GE Renewable Energy, which has supplied the 57 wind turbines for Čibuk 1, tweeted that the 158 MW wind farm is expected to start production “earlier than initially planned.”

Masdar previously said it expected the construction of the 158 MW Čibuk 1 wind farm to be completed in the first half of 2019. The wind farm is set to be funded under the feed-in tariff, reflected on consumers’ electricity bills.

The EUR 300 million investment is backed by some EUR 215 million in lending from the International Finance Corporation (IFC), a member of the World Bank Group, and the European Bank for Reconstruction and Development (EBRD), according to earlier reports.

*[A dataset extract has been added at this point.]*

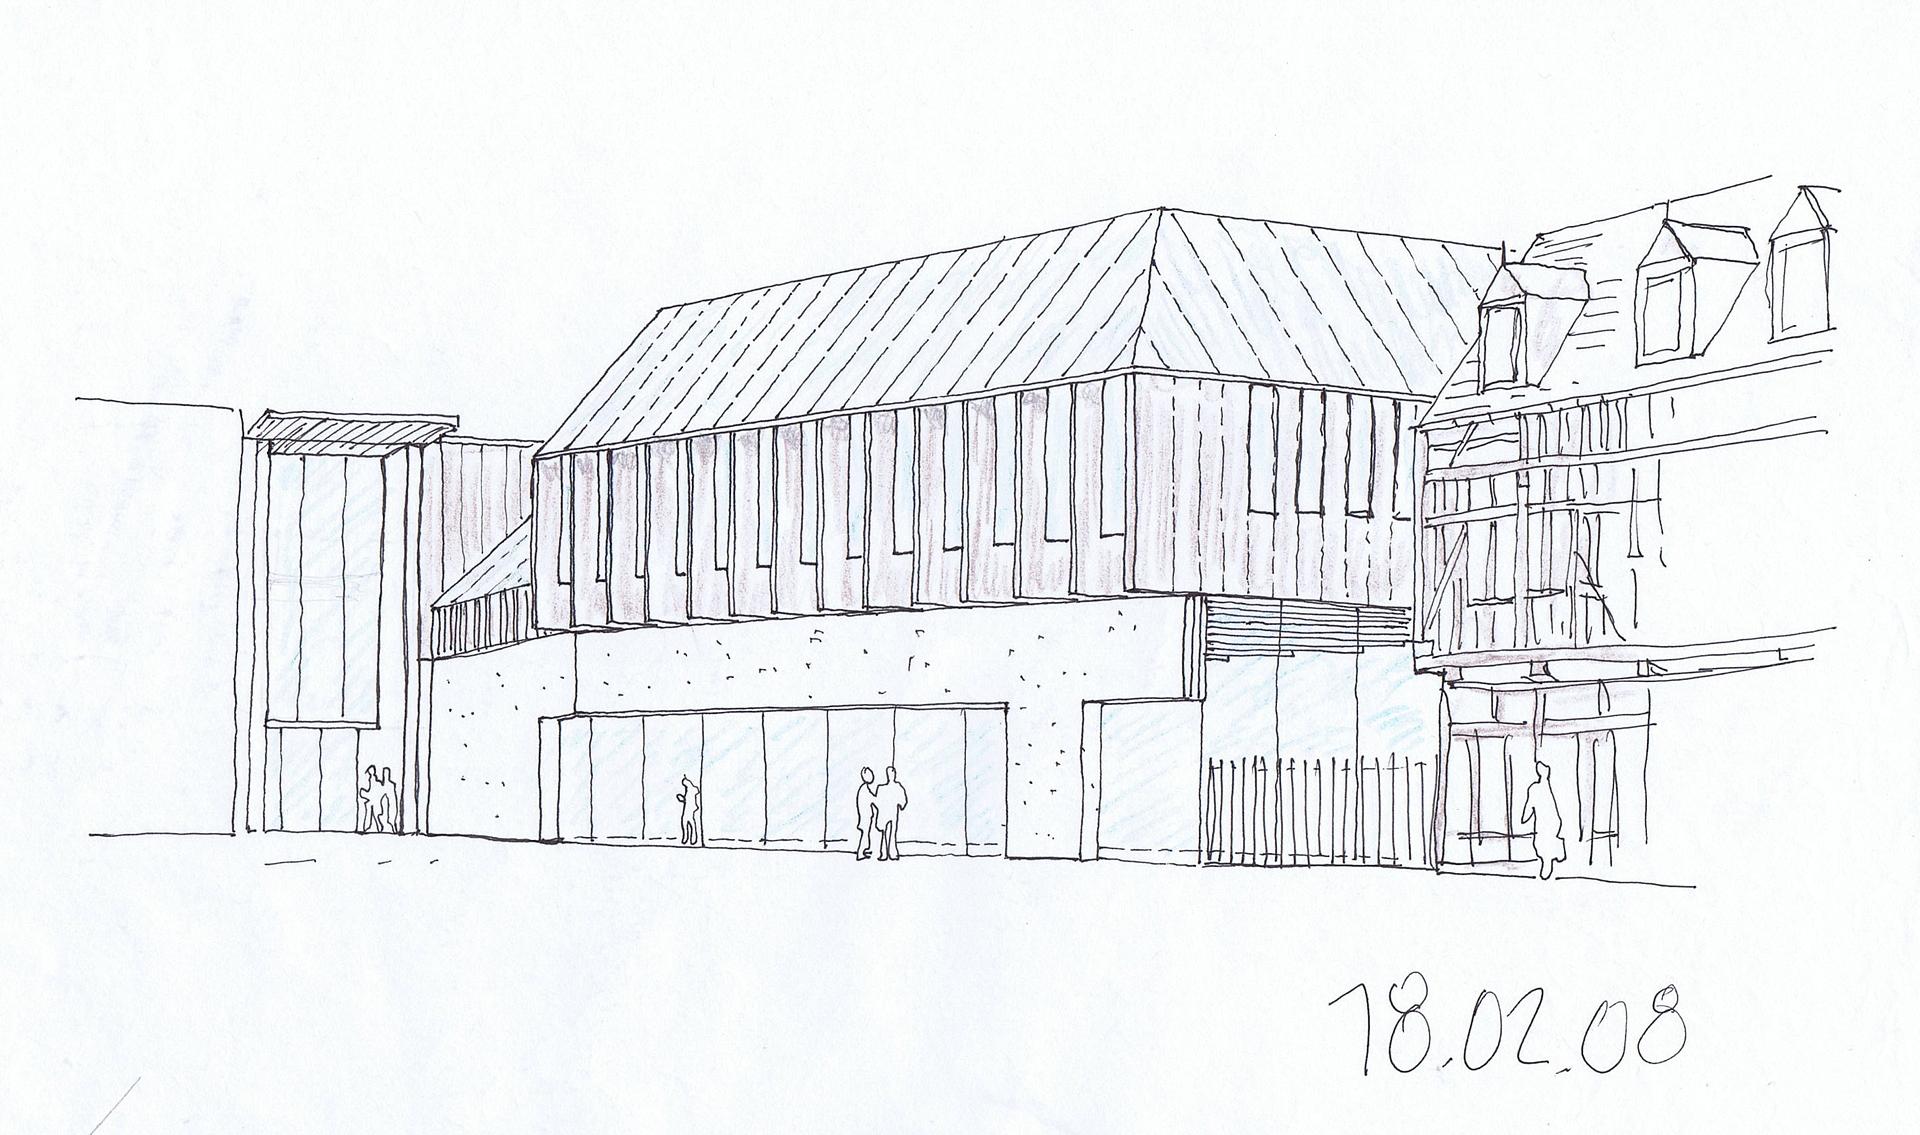 Linazasoro Sanchez: Centro amministrativo e dei congressi Troyes

Čibuk 1 in Dolovo, situated 50 kilometers outside the capital Belgrade, has completed the construction of 33 overhead pylons allowing for the energization of the wind farm’s substation, its connection to existing transmission lines 11 kilometers away, and the handover of the transmission operation building to its operator, Masdar said.

The Čibuk 1 wind farm is expected to provide electricity to 113,000 homes and displace more than 370,000 tonnes of carbon dioxide per year, Masdar said, noting that 52 of the 57 wind turbines have been fully assembled to date.

Vetroelektrane Balkana (WEBG), the project company behind Čibuk 1, is wholly owned by Tesla Wind, a joint venture between Masdar (60%), Finnish energy infrastructure developer Taaleri Energia (30%), and DEG, a subsidiary of Germany’s KfW Group, (10%).

The power purchase agreement (PPA) for Čibuk 1 was signed in October 2016. Serbia has pledged to produce 27% of its domestic power needs from renewable energy sources by 2020, reducing the country’s dependence on coal-fired power generation in line with European Union regulations, Masdar recalled.